Suppose that fluid flows out of the bottom of a cone-shaped vessel at the rate of 3 cu ft/min. If the height of the cone is 3 times the radius, how fast is the height of the fluid decreasing when the fluid is 6 inches deep in the middle?
I'm unsure whether my approach is correct and whether my answer is right.
My approach to solving this was the following:
Since we're trying to find how fast the height of the cone decreases, we need to find $\frac{dh}{dt}$. To do this, we can use the chain rule.

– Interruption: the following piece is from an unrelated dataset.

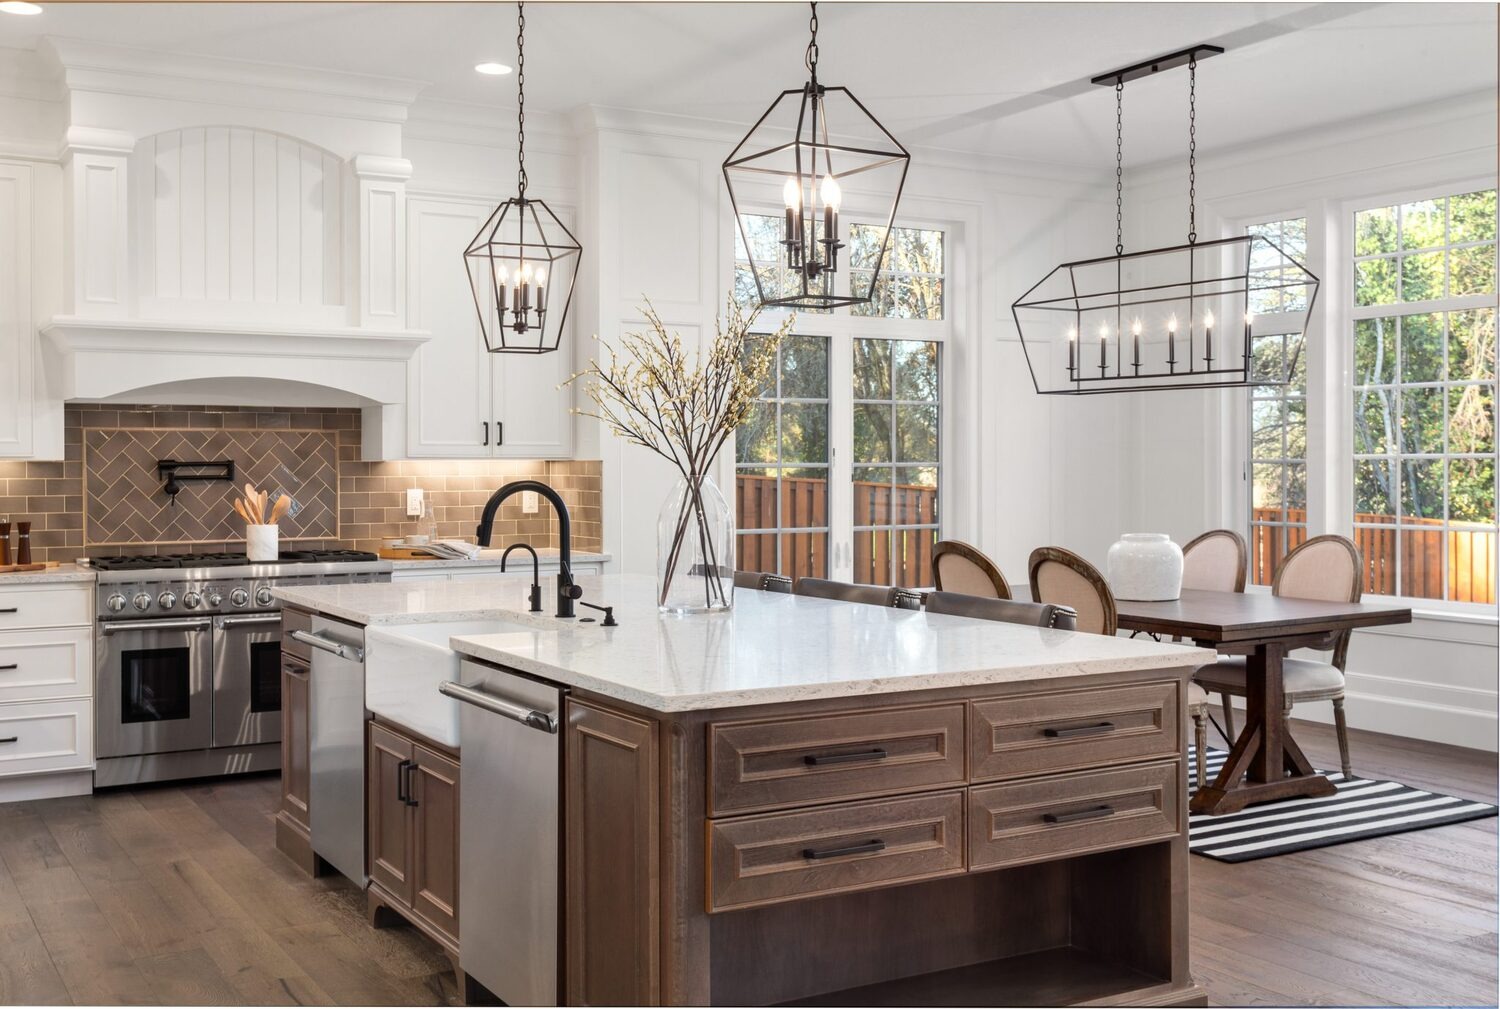 wooden white and brown, traditional kitchen after the kitchen remodeling Highland Park project

$$\frac{dh}{dt} = \frac{dh}{dr} \frac{dr}{dt}$$
Where $r$ is the radius and $t$ is the time. Since the height is 3 times the radius, $\frac{dh}{dr} = 3$. The derivative of the radius with respect to time can be solved by finding:
$$\frac{dV}{dt} = \frac{dV}{dr} \frac{dr}{dt}$$
$$\frac{dV}{dt} = 3$$ and $$\frac{dV}{dr} = 3\pi r^2$$ $$\therefore \frac{dr}{dt} = \frac{1}{\pi r^2}$$
Plugging in, $$\frac{dh}{dt} = 3 \biggl(\frac{1}{\pi r^2}\biggl) = \frac{3}{\pi r^2}$$
So, if the height is 6 inches (0.5 feet) deep in the middle, we know the radius is $\frac{1}{6}$ feet or 2 inches. Therefore, the height decreases at a rate of $\frac{3}{\pi * 2^2} = \frac{3}{4 \pi}$ in / min.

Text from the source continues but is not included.